Seseorang yang ia tekadkan dalam hati untuk ia nikahi namun semuanya sirna saat sang Papa yang memaksa untuk menjodohkannya dengan Dara.
Wanita yang merupakan anak teman Papa. Seorang rekan bisnis yang berjanji akan menolong perusahaan Papa Juna yang saat itu tengah berada di ambang kehancuran.
Mau tidak mau, suka tidak suka Juna menerima hal itu demi menyelamatkan perusahaan keluarga yang juga ia kelola demi keberlangsungan hidupnya.
Membuat Diandra menangis karena mendengar kabar pernikahannya dengan Dara. Namun Juna tak bisa berbuat apa-apa.
Juna hanya bisa memilih untuk memutus hubungannya dengan Diandra atau perusahaannya hancur sedemikian rupa.
Untung saja wanita itu mengusulkan hal yang menurut Juna brilian, yang pada dasarnya tak terpikir dalam benak Juna. Pernikahan kontrak dengan Dara dalam kurun waktu dua tahun dan Diandra siap menunggunya untuk bercerai.
Juna pikir itu alasan yqng bagus untuk mengakhiri pernikahannya. Walau Dara cenderung lebih cantik dari Diandra dengan wajah naturalnya, Juna tetap tak bisa menaruh hati.

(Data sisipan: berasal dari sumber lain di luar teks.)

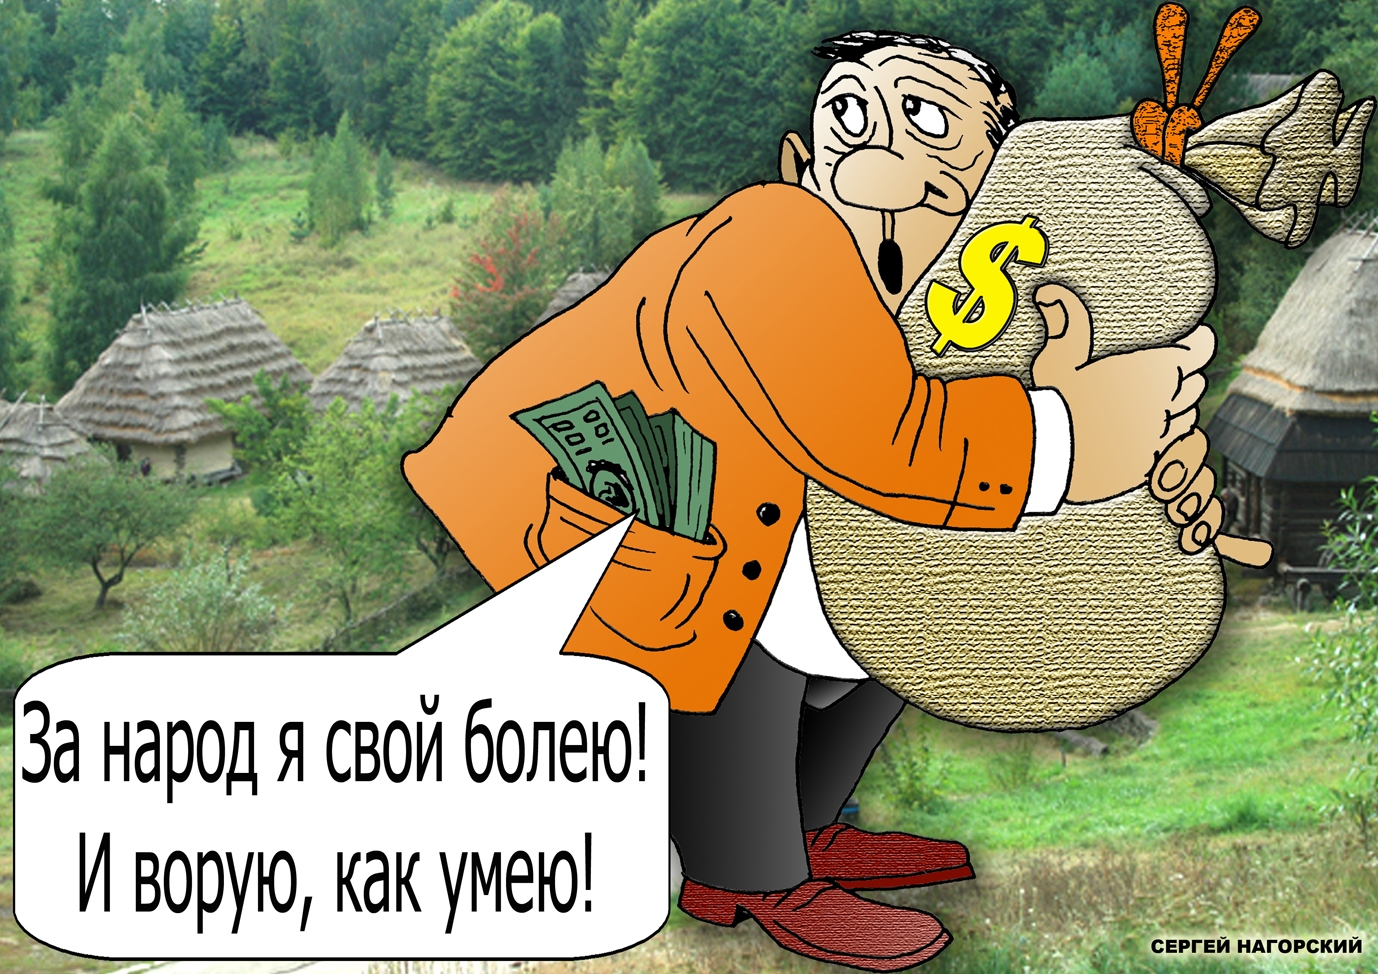 Каждый 20 рубль бюджета России украден чиновниками, которые воруют миллионами

Karena dari awal yang ia sukai adalah si penulis puisi dengan nama pena D'SecretAdmirer yang secara tidak langsung telah menyelamatkan hidupnya.
Bagi Juna, Diandra adalah penyelamatnya saat ia benar-benar hancur. Surat-surat berisi kata-kata semangat dan puisi mengenai kehidupan mampu membangkitkannya dari keterpurukan pasca ditinggal mamanya dahulu.

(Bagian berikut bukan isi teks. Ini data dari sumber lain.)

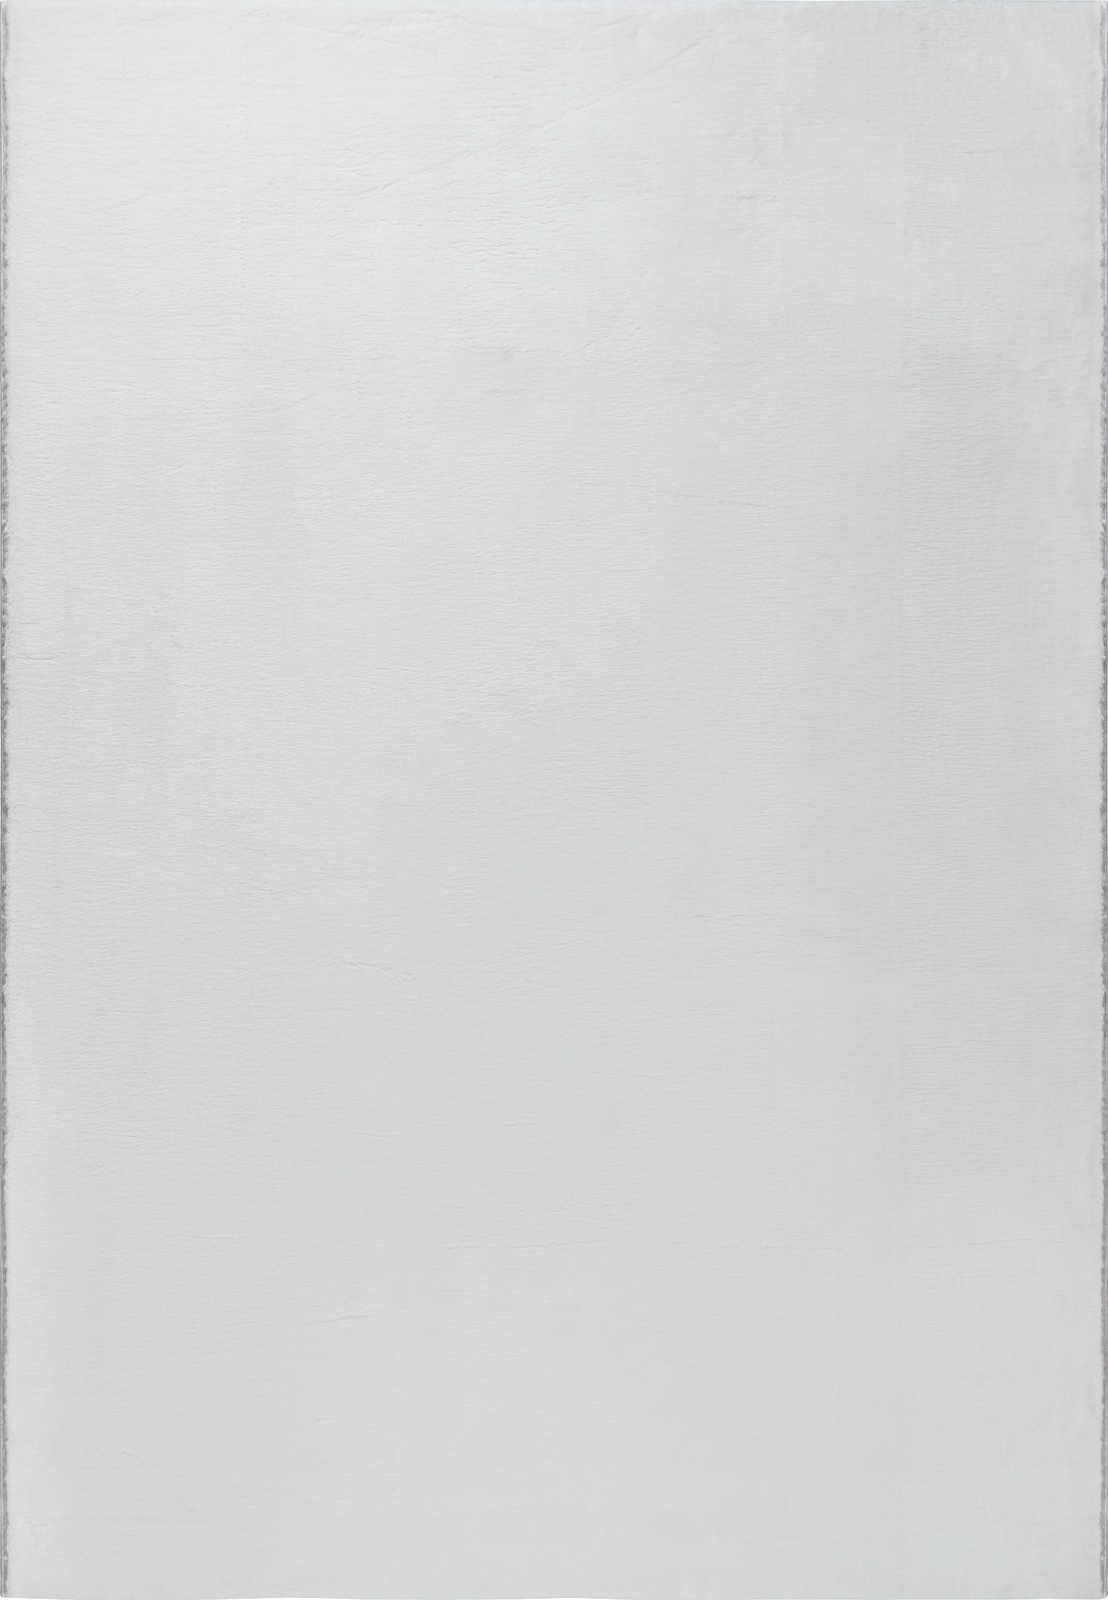             Flauschiger Hochflor Teppich in angenehmen Creme – 200 x 140 cm

Betapa Diandra begitu berarti dan tak ada yang bisa menggantikan wanita itu di hidupnya.
Maka, dalam waktu dua tahun itu Juna benar-benar bekerja keras untuk membangkitkan perusahaannya kembali seperti sedia kala agar ia bisa tepat waktu berpisah dengan Dara.
Lagipula ia perlu waktu agar ayahnya yakin kalau pernikahannya dengan Dara memang tak bisa dipertahankan dengan perceraian itu. Dua tahun adalah waktu yang cukup.
***
“Kamu bermasalah lagi sama Dara?“ tanya Diandra saat keduanya berada di salah satu restoran mall besar setelah Juna menjemput wanita itu di apartemennya.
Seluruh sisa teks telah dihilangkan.